Cell C is pulling the plug on Black, its ill-fated video-on-demand platform in which it invested well north of R1-billion since its launch just two years ago.
“Following a review of the company’s product portfolio and decision to redirect expenditure to revenue-generating initiatives, Cell C can confirm that it will decommission its streaming content service, Black, on 31 December 2019,” the operator said in an e-mailed statement in response to questions from TechCentral.
“Content remains part of Cell C’s broader strategy. However, we have had to carefully look at how we approach this to ensure we provide a sustainable service that customers want while at the same time offering a service that makes commercial sense to the business.”
The company said Cell C will not accept any new registrations on the Black service and will refund customers for outright movie purchases. “Existing customers will be able to use the service until 31 December.”

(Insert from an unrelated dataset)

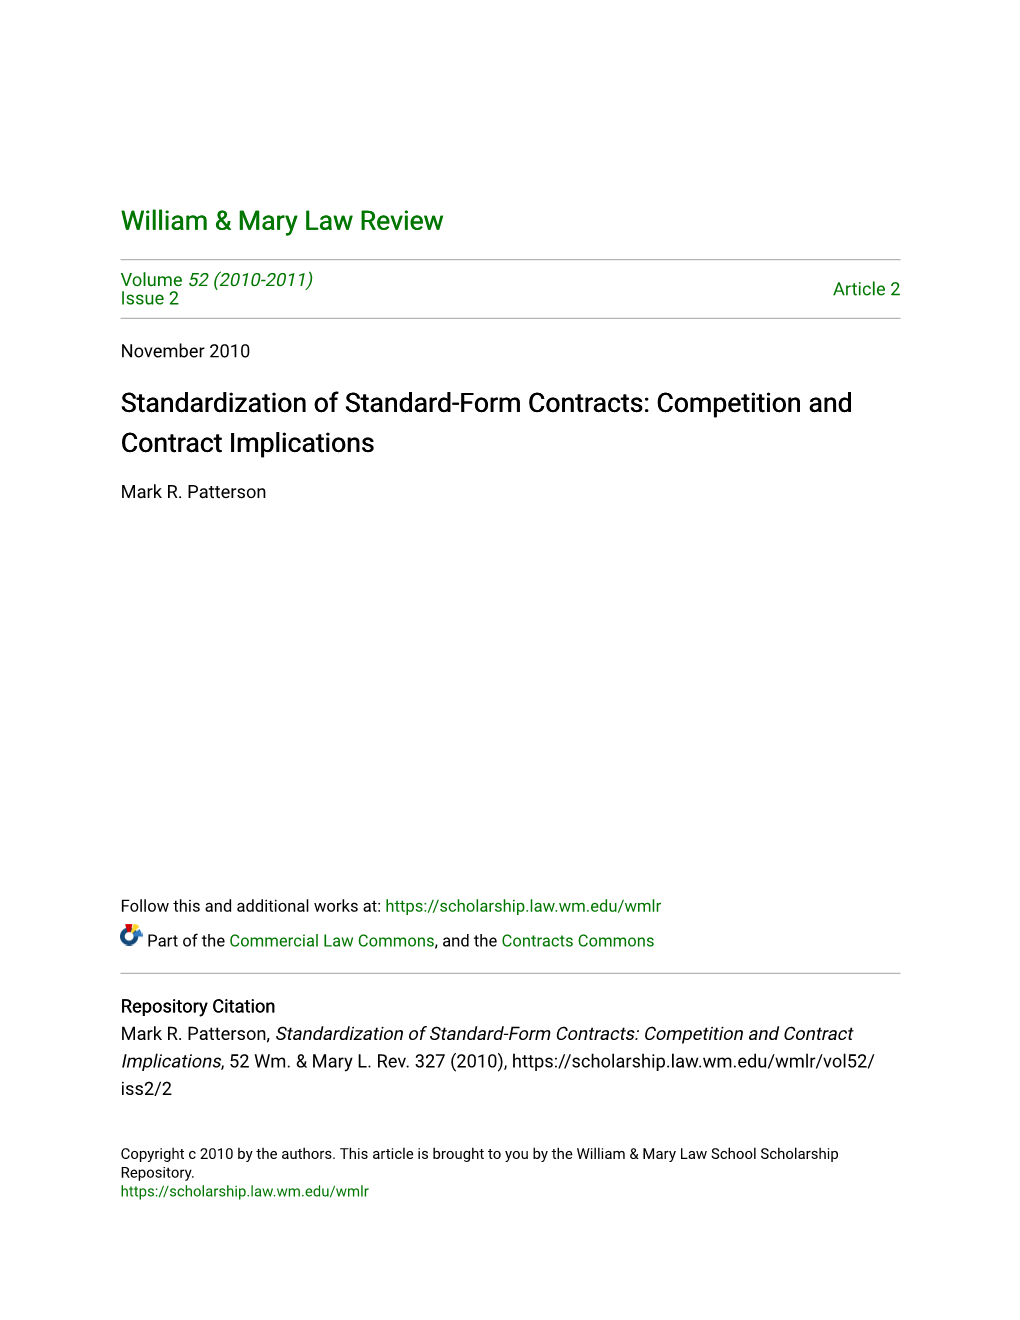 Standardization of Standard-Form Contracts: Competition and Contract Implications

The news comes less than three months after Cell C stopped broadcasting the linear channels on Black as the struggling mobile operator continued a major review of costs in its business, leaving only video-on-demand services.
The channels disappeared from the platform at the start of September. It continued to provide on-demand movies, series and other content.
TechCentral revealed in February that Cell C spent R523.9-million acquiring programming and movie rights for its Black video-streaming platform in the 2018 financial year. It spent a similarly large amount in the 2017 financial year — R528.3-million.
The numbers were contained in Cell C’s preliminary and unaudited financial results for the year ended 31 December 2018.
The disclosures showed that accumulated depreciation and impairments related to the acquisition of these content rights amounted to R231-million at the end of 2018.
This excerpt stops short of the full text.